▶ [Exercise details] Range to output from the entries below: the line containing "Спрей гель для" through the line containing "モート侵略月Sunshine Babe カラージェル". Set it down exactly, ends included, nothing else.

▶ [Exercise material]
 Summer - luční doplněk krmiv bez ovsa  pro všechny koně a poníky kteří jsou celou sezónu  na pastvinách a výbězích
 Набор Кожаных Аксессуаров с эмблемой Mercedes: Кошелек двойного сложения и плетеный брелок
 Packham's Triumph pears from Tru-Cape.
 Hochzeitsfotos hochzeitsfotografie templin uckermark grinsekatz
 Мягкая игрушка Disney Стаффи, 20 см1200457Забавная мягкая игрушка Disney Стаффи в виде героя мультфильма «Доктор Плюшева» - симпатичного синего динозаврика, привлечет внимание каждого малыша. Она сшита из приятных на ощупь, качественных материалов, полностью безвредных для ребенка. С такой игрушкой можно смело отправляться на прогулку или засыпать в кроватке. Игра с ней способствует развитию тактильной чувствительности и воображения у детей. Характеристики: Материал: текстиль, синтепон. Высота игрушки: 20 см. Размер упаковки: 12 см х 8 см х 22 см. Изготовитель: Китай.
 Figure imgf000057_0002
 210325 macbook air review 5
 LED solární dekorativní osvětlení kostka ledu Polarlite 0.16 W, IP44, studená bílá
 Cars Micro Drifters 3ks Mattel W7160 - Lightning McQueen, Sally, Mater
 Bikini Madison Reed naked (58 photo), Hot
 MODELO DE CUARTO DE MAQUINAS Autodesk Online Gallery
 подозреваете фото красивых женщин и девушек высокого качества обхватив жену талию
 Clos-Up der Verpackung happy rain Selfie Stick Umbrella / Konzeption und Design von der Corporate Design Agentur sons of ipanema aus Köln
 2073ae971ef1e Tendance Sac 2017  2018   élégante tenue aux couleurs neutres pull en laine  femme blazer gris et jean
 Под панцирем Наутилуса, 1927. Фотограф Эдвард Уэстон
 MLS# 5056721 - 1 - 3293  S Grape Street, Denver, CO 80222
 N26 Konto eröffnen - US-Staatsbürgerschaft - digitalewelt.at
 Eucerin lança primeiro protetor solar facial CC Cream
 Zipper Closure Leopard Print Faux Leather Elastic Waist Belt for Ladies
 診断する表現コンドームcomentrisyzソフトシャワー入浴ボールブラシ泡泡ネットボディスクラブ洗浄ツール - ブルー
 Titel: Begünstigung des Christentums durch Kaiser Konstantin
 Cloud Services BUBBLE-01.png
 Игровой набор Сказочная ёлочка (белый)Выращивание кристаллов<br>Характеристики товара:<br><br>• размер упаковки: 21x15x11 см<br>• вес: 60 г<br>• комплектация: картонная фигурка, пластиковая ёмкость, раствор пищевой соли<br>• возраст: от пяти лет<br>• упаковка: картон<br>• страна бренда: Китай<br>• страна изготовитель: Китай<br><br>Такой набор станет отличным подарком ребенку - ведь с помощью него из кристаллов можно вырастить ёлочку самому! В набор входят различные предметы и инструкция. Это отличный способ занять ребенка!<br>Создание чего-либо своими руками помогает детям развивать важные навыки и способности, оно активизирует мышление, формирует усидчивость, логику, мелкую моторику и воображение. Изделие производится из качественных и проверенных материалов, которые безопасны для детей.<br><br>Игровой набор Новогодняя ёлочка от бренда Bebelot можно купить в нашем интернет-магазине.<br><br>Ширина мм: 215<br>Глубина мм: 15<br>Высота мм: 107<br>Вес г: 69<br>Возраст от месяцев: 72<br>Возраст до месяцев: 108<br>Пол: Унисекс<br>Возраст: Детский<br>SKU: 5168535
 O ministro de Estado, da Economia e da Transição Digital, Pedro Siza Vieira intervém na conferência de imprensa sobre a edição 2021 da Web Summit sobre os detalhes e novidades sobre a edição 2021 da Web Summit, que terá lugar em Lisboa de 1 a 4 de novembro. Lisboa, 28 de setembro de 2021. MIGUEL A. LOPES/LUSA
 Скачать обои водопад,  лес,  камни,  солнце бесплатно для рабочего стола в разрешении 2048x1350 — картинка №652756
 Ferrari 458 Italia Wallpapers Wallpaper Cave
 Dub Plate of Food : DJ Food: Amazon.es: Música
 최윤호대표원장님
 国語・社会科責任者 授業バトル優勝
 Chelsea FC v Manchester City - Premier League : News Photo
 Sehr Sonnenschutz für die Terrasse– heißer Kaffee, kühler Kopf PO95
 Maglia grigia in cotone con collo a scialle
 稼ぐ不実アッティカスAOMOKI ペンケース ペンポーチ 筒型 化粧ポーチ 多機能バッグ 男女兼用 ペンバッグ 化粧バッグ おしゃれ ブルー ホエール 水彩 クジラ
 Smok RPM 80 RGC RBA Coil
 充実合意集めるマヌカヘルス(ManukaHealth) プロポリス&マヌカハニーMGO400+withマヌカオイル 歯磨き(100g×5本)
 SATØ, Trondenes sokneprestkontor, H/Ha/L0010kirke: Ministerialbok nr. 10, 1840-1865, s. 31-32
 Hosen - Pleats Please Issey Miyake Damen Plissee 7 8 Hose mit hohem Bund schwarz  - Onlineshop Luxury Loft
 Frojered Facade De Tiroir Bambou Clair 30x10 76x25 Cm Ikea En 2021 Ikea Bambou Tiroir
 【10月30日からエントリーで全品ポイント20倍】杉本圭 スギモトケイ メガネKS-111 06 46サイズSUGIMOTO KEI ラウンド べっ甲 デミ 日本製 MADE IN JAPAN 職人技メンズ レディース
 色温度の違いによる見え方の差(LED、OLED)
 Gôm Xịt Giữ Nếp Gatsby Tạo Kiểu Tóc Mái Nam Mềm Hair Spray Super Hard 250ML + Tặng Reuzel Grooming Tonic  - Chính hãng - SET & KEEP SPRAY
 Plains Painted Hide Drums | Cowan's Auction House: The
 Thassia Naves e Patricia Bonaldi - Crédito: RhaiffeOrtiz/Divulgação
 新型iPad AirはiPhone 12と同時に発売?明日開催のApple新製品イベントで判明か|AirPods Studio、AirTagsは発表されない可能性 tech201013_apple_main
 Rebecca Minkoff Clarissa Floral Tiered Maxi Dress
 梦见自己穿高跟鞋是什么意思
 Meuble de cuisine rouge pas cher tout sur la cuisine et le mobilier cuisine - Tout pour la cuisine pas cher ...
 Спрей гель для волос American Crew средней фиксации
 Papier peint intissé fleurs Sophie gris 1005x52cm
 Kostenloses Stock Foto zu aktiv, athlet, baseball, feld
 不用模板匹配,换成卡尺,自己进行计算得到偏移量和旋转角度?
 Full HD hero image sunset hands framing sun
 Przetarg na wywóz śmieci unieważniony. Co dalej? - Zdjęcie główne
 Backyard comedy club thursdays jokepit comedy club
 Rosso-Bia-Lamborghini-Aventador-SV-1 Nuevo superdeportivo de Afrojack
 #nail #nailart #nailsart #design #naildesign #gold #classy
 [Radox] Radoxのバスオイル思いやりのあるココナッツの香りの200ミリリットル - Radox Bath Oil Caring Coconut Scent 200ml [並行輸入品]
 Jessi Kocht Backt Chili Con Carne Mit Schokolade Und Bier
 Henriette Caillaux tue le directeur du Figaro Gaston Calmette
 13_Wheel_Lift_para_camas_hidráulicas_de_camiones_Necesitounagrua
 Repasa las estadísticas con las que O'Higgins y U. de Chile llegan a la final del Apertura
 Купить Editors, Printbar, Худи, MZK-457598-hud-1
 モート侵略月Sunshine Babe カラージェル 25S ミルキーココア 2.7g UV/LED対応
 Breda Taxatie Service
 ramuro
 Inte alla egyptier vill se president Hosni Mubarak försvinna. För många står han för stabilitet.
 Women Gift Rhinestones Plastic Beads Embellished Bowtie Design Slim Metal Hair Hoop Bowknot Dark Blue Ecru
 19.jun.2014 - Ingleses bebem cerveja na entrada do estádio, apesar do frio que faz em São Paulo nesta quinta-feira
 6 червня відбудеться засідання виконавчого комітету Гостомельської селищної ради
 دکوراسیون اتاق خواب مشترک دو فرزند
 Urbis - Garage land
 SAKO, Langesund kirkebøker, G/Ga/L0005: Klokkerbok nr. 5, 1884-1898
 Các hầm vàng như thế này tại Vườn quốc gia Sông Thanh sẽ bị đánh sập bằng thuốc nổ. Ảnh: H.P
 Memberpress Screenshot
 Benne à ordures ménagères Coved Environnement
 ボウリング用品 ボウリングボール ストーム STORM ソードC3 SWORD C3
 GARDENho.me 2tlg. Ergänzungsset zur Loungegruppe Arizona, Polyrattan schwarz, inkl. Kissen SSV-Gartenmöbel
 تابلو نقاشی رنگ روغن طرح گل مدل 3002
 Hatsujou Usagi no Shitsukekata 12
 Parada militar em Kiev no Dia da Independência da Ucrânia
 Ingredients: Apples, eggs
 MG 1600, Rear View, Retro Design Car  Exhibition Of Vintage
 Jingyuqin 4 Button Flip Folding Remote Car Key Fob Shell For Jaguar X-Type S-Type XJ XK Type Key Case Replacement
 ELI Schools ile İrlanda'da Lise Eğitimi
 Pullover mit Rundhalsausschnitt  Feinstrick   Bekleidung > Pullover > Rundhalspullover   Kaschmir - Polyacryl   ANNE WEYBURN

▶ [Solution to this task]
 Спрей гель для волос American Crew средней фиксации
 Papier peint intissé fleurs Sophie gris 1005x52cm
 Kostenloses Stock Foto zu aktiv, athlet, baseball, feld
 不用模板匹配,换成卡尺,自己进行计算得到偏移量和旋转角度?
 Full HD hero image sunset hands framing sun
 Przetarg na wywóz śmieci unieważniony. Co dalej? - Zdjęcie główne
 Backyard comedy club thursdays jokepit comedy club
 Rosso-Bia-Lamborghini-Aventador-SV-1 Nuevo superdeportivo de Afrojack
 #nail #nailart #nailsart #design #naildesign #gold #classy
 [Radox] Radoxのバスオイル思いやりのあるココナッツの香りの200ミリリットル - Radox Bath Oil Caring Coconut Scent 200ml [並行輸入品]
 Jessi Kocht Backt Chili Con Carne Mit Schokolade Und Bier
 Henriette Caillaux tue le directeur du Figaro Gaston Calmette
 13_Wheel_Lift_para_camas_hidráulicas_de_camiones_Necesitounagrua
 Repasa las estadísticas con las que O'Higgins y U. de Chile llegan a la final del Apertura
 Купить Editors, Printbar, Худи, MZK-457598-hud-1
 モート侵略月Sunshine Babe カラージェル 25S ミルキーココア 2.7g UV/LED対応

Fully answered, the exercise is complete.